Anyway, as you might expect in these days of market differentiation and intense competition, there are a lot of “solutions” available. For example, there is the “Power Pouch,” “Power Sock,” “Wonder Jock,” and of course, the “Bong Thong.”
Regardless of which brand you choose, the same result is promised: “With men’s enhancing underwear, you’ll have the added confidence boost of a thoroughbred stallion!”
I don’t know about you, but this whole thing has me very confused. For two reasons.
First, if you recall, what started this inquiry was an unsolicited e-mail with the subject line “A Special Gift for that Special Valentine.” So presumably, one would buy this gift for someone who “needs” it. And wouldn’t that be a sobering Valentines’ Day gift? Sort of like a guy getting his girlfriend a padded bra. Or a Zumba membership.
Imagine the scene:
“Happy Valentines Day, Joe.”
“Thanks, what is it, Mary?”
“Open it and see!”
Joe opens the package, and extracts and studies the contents. Of course he can’t say, “Thanks! Just what I need!” But presumably Mary thinks he does. Any delusions of stallionhood Joe may have entertained will be forever dashed.

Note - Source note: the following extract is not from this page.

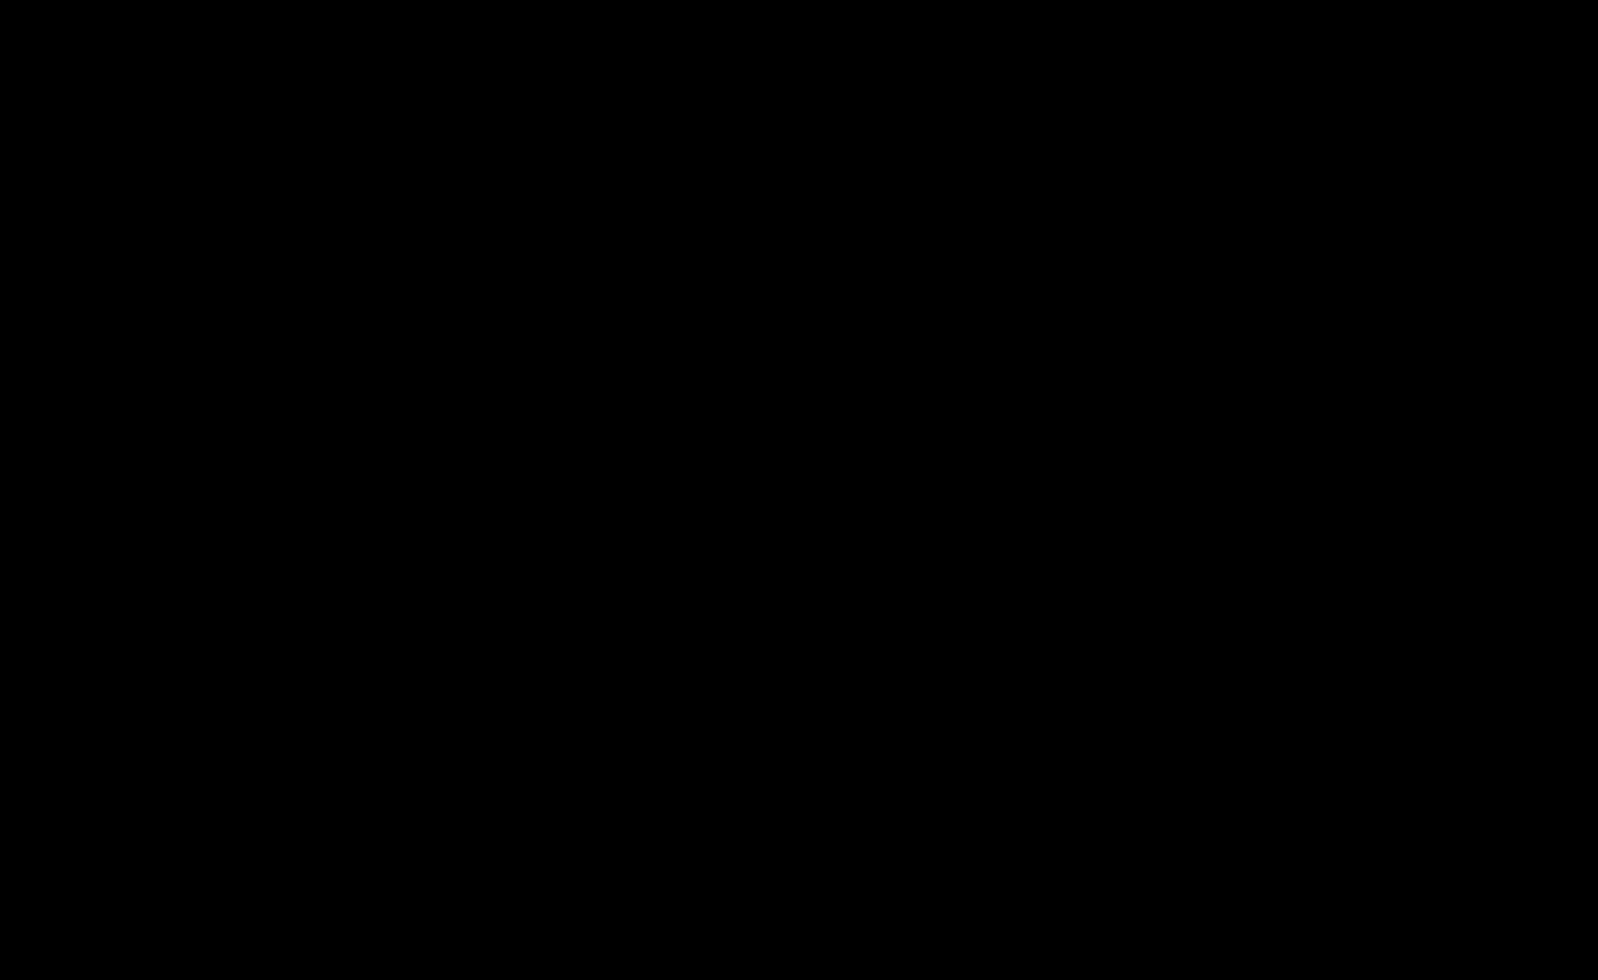 Billardtisch png

But then, if Joe were really in such dire need of a Power Pouch, why was Mary seeing him anyway? Shouldn’t she have been patrolling for big-bulged Porsche owners before settling on poor old Joe?
I take the whole sad story as further proof that one of the fundamental principals of marketing is the de-evolution of the human race. Who but a marketer would try to undermine thousands of years of evolutionary triumph of our mammalian brains over our reptilian brains by telling us that size does in fact matter. And then selling a bulge to create the illusion of size.